Knowledge creation and transfer. Data collaboratives can bring together (or “join”) extensively dispersed data sets, in the process creating a ahead understanding of possible correlations and causalities as well as what variables make a difference for what type of problem.

For example, MIT’s Laboratory for Social Machines’ Electome Project analyzed massive Twitter activity data sets to improve reporting around the 2016 U.S. presidential election; and LinkedIn’s Economic Graph Research Program is enabling new knowledge on economic conditions and job-seeking behaviors.

Public service design and delivery. Private data sets often contain a wealth of advice that can enable more-accurate modeling of public services and help guide service delivery in a targeted, evidence-based manner.

As an example, Waze partners with over 60 cities to share its crowdsourced traffic data to improve urban planning and bring insight into approaches for easing urban congestion, over its Connected Citizens Program.

Prediction and forecasting. Richer, more-complete advice from data collaboratives enable new predictive capabilities for policy makers and others, allowing them to be more proactive.

This was the approach taken by researchers aiming to predict the likelihood of floods using Flickr metatags, and adverse drug events informed by social news and forum postings.

Impact assessment and evaluation. Finally, data collaboratives can aid in monitoring, evaluation, and improvement. By leveraging social news data, public-interest actors can rapidly assess the results of their actions to iterate on products and programs when necessary.

This is what Sport England did, for instance, when it used data from Twitter to grasp women’s views on exercise and exercise messaging to inform and assess its #ThisGirlCan lobby aimed at improving women’s and girls’ health and physical activity.

Professionalizing the Responsible Use of Private Data for Public Good

For all its promise, the practice of data collaboratives remains ad hoc and limited. In part, this is a result of the lack of a well-defined, professionalized concept of data stewardship within corporations. Today, each attempt to establish a cross-sector partnership built on the analysis of social news data requires significant and time-consuming efforts, and businesses rarely have personnel tasked with undertaking such efforts and making relevant decisions.

As a consequence, the process of establishing data collaboratives and leveraging privately grasped data for evidence-based policy making and service delivery is onerous, generally one-off, not informed by best practices or any shared knowledge base, and prone to dissolution when the champions involved move on to other functions.

By establishing data stewardship as a corporate function, recognized within corporations as a valued responsibility, and by creating the methods and tools needed for responsible data-sharing, the practice of data collaboratives can become regularized, predictable, and de-risked.

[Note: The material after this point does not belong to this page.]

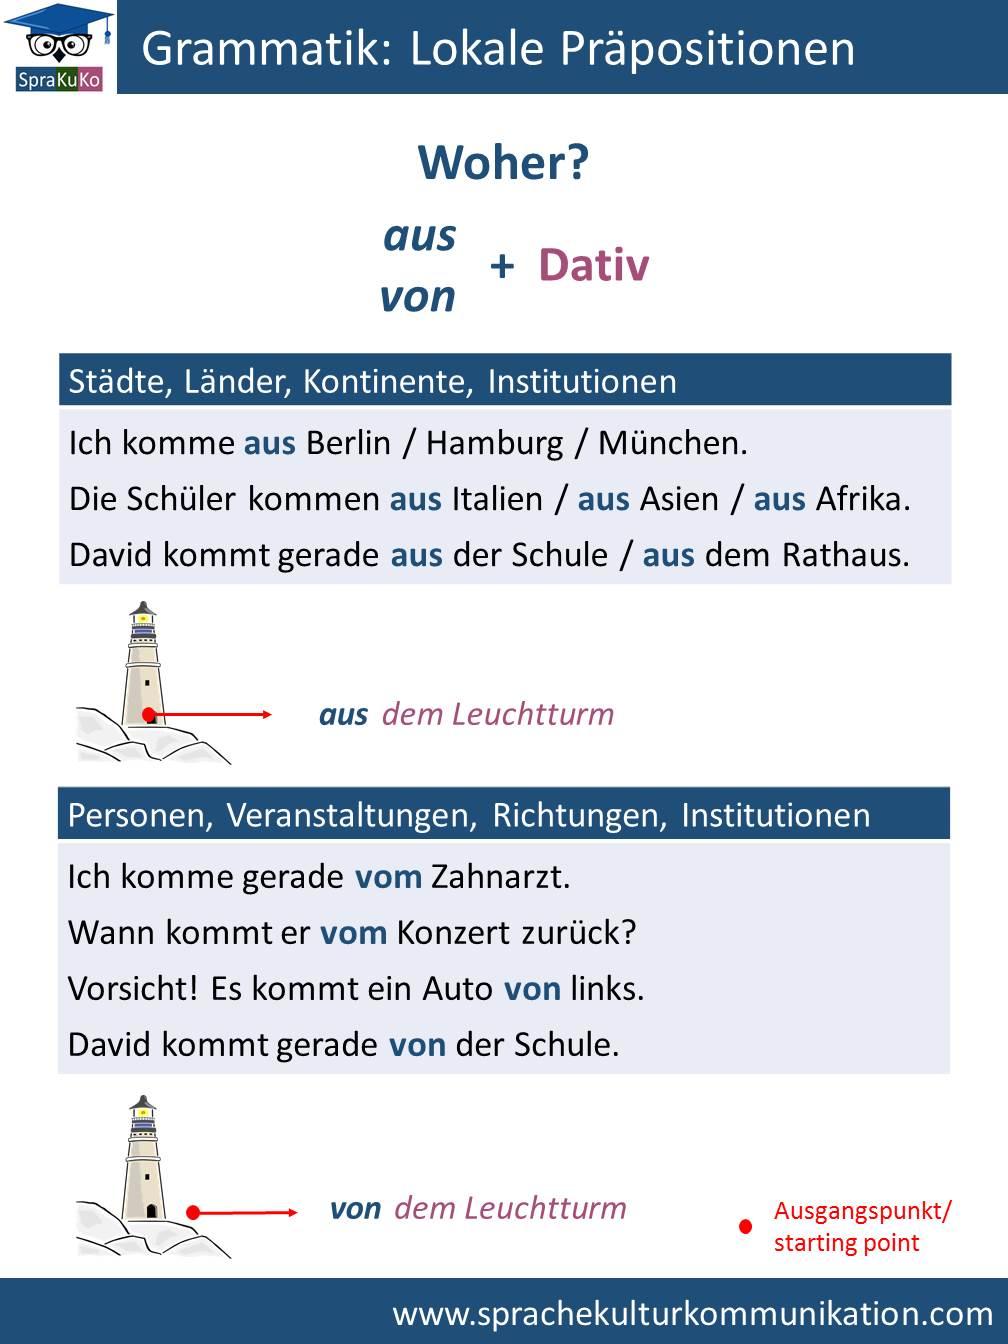 Grammatik Lokale Präpositionen (Woher).jpg

If fresh efforts approaching this completion — from initiatives such as Facebook’s Data for Good efforts in the social news space and MasterCard’s Data Philanthropy approach around finance data — are meaningfully scaled and expanded, data stewards over the private sector can act as change agents responsible for determining what data to share and when, how to protect data, and how to act on insights gathered from the data.

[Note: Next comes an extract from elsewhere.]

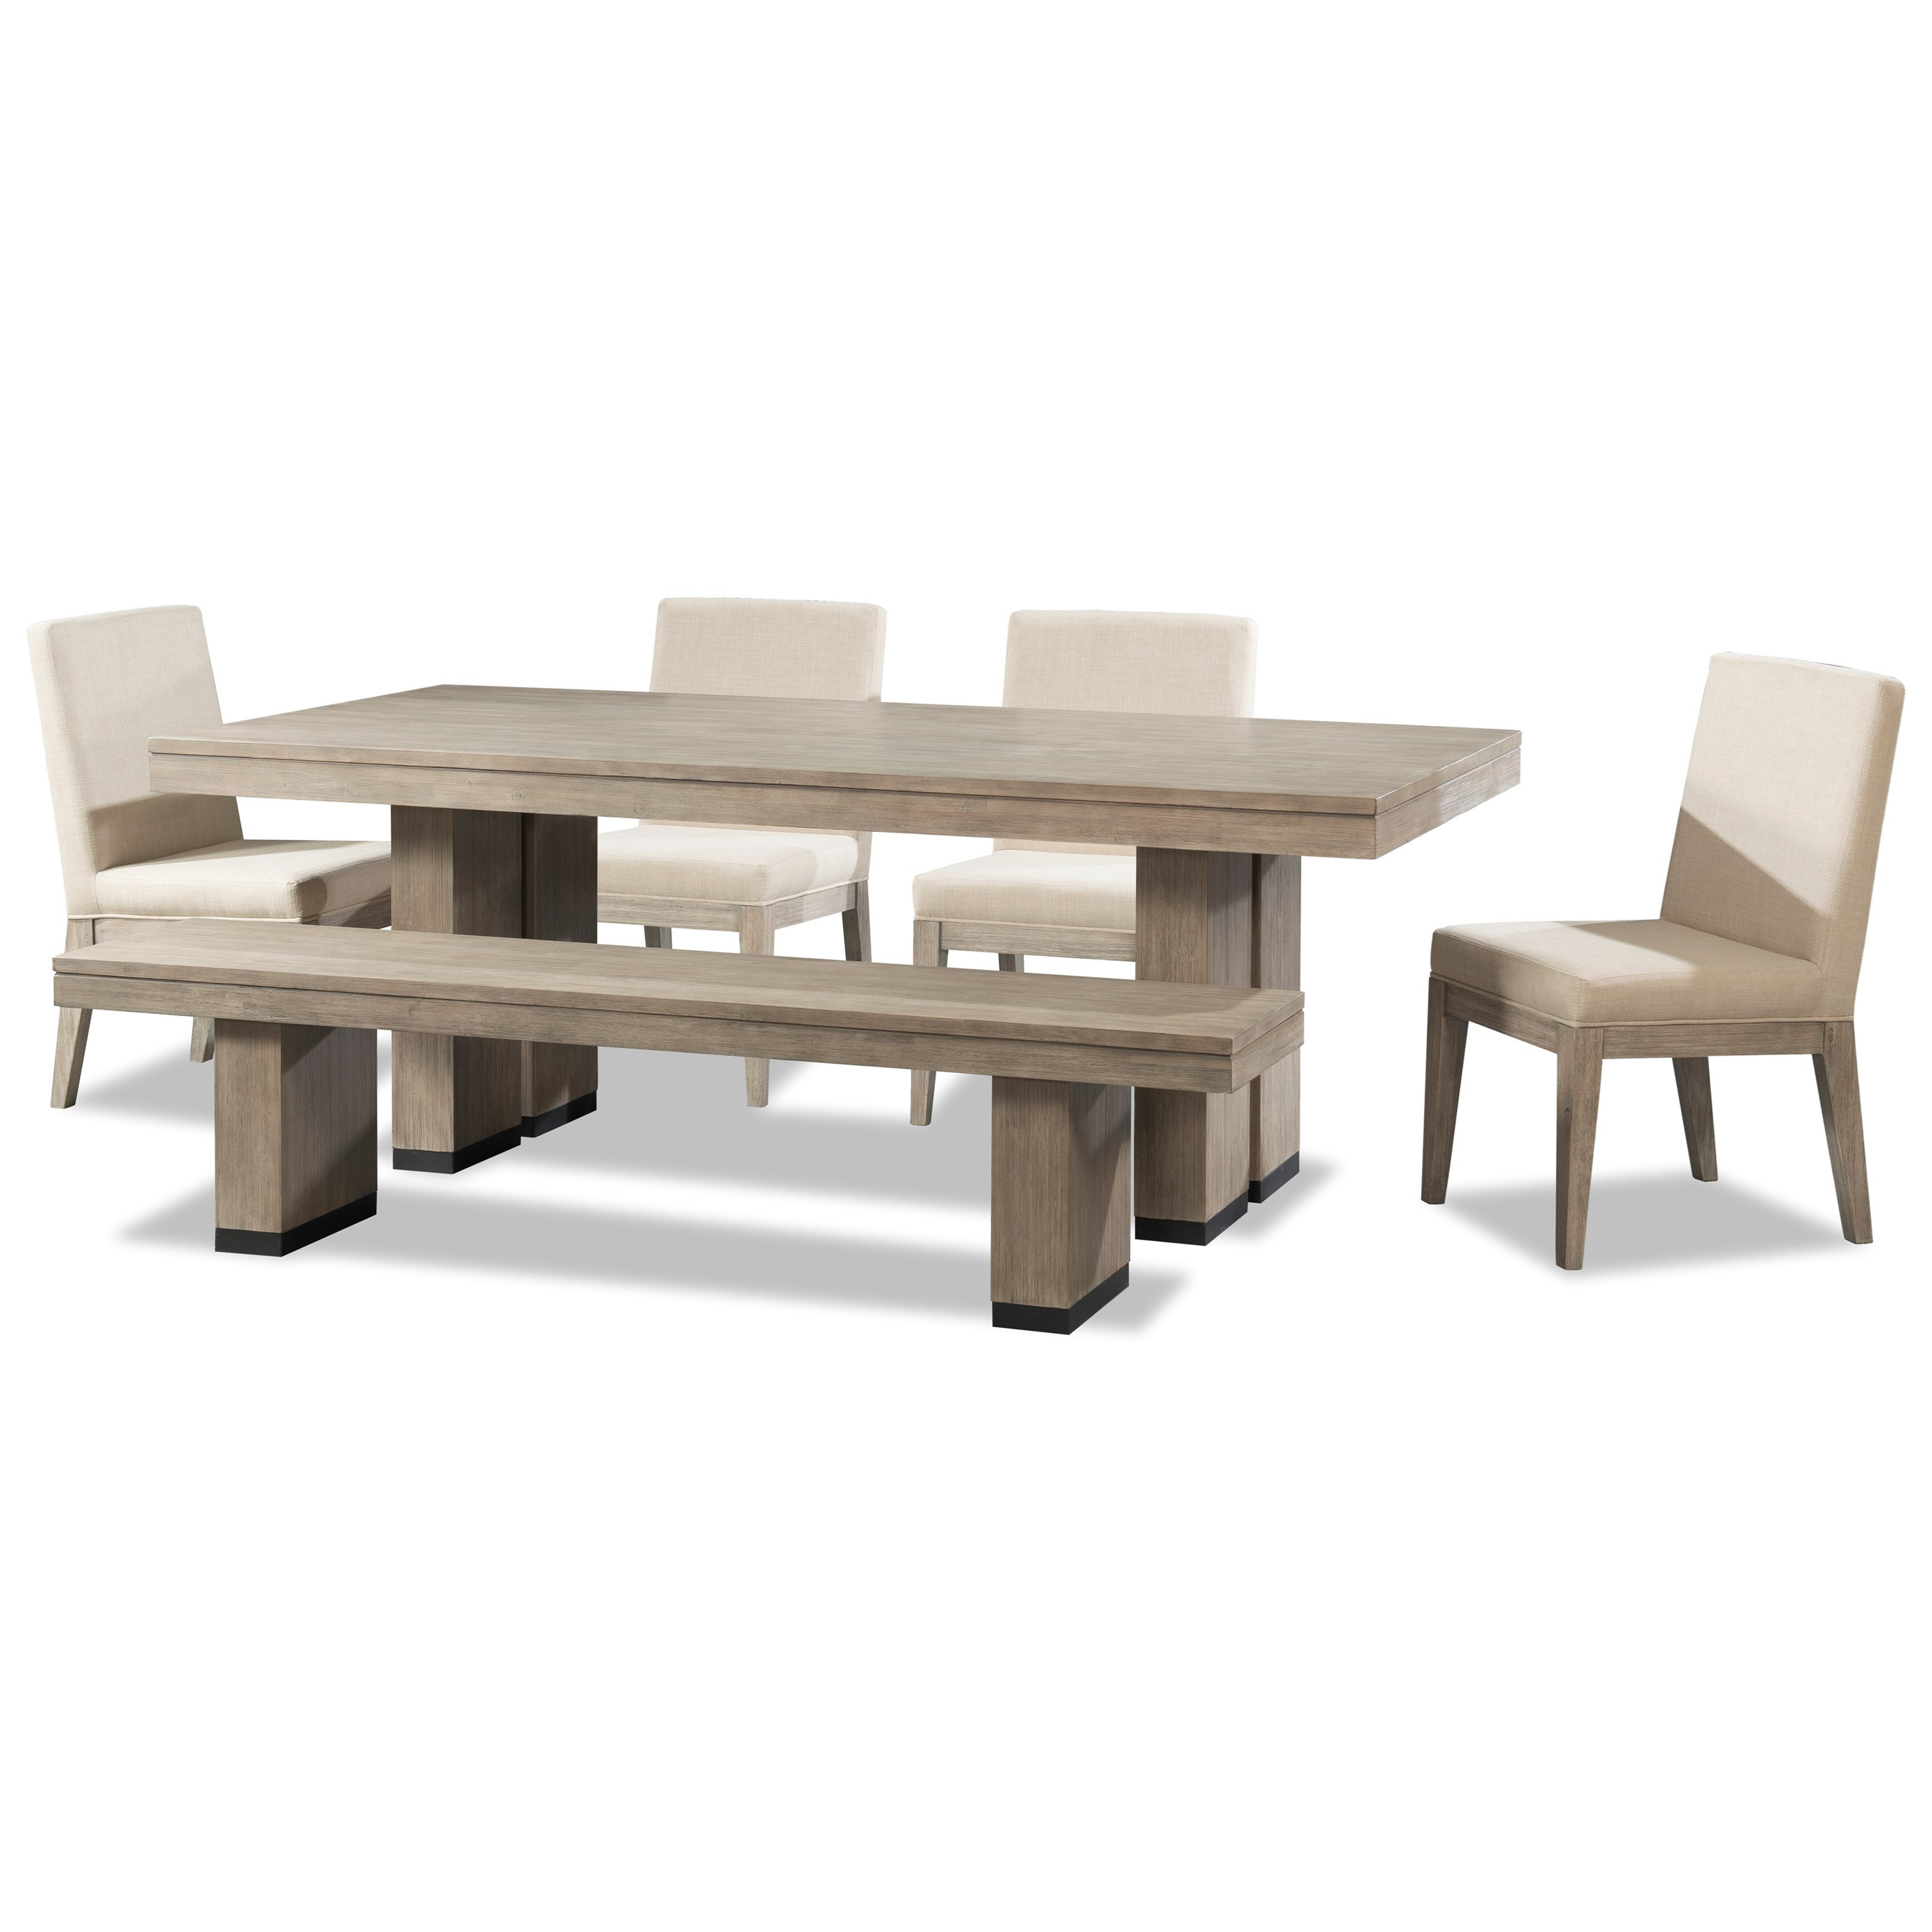 Cresent Fine Furniture Larkspur 6 Piece Trestle Table and  : products2Fcresentfinefurniture2Fcolor2Flarkspur20503503 1502B4x1572B159 b1 from www.belfortfurniture.com size 3200 x 3200 jpeg 553kB

Still, multiple companies (and others) continue to balk at the prospect of sharing “their” data, that is an understandable response provided the reflex to guard corporate interests. But our research has indicated that multiple benefits can accrue not only to data recipients but further to those who share it. Data collaboration is not a zero-sum game.

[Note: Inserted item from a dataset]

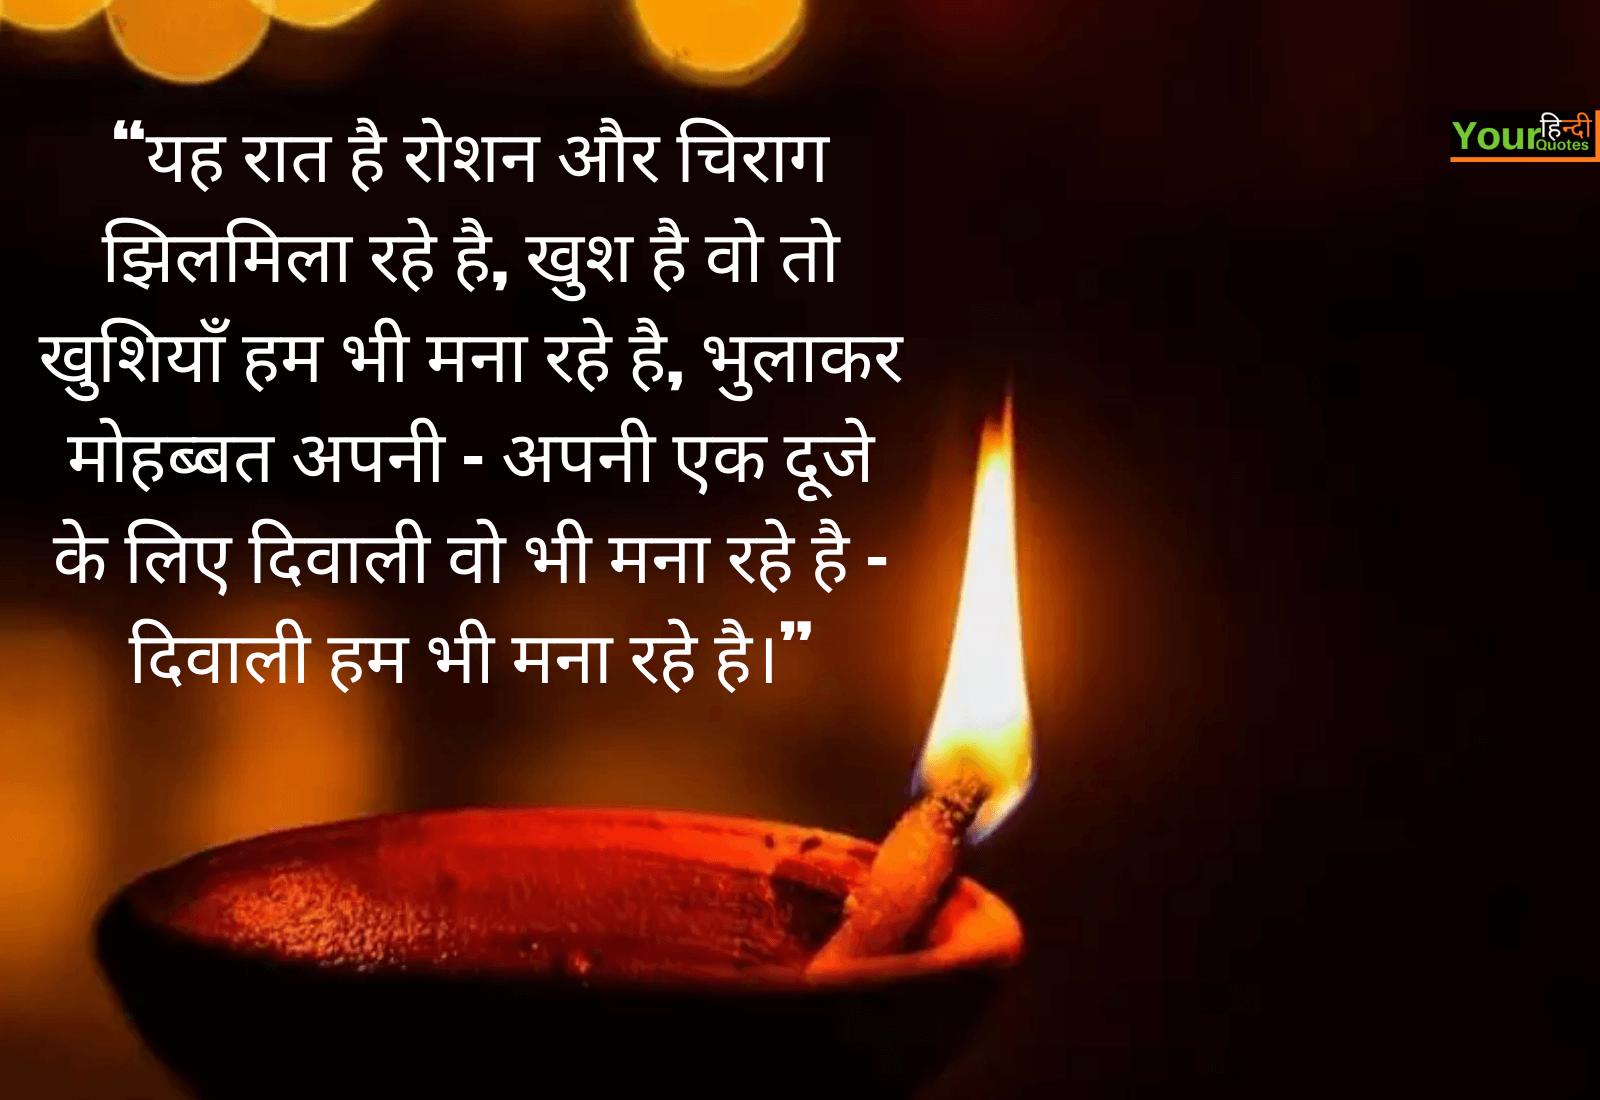 Diwali Wishes Hindi Quotes Image

With backing from the Hewlett Foundation, we are embarking on a two-year project approaching professionalizing data stewardship (and the use of data collaboratives) and establishing well-defined data responsibility approaches. We invite others to join us in working to transform this practice into a widespread, impactful means of leveraging private-sector assets, including social news data, to create positive public-sector outcomes around the world.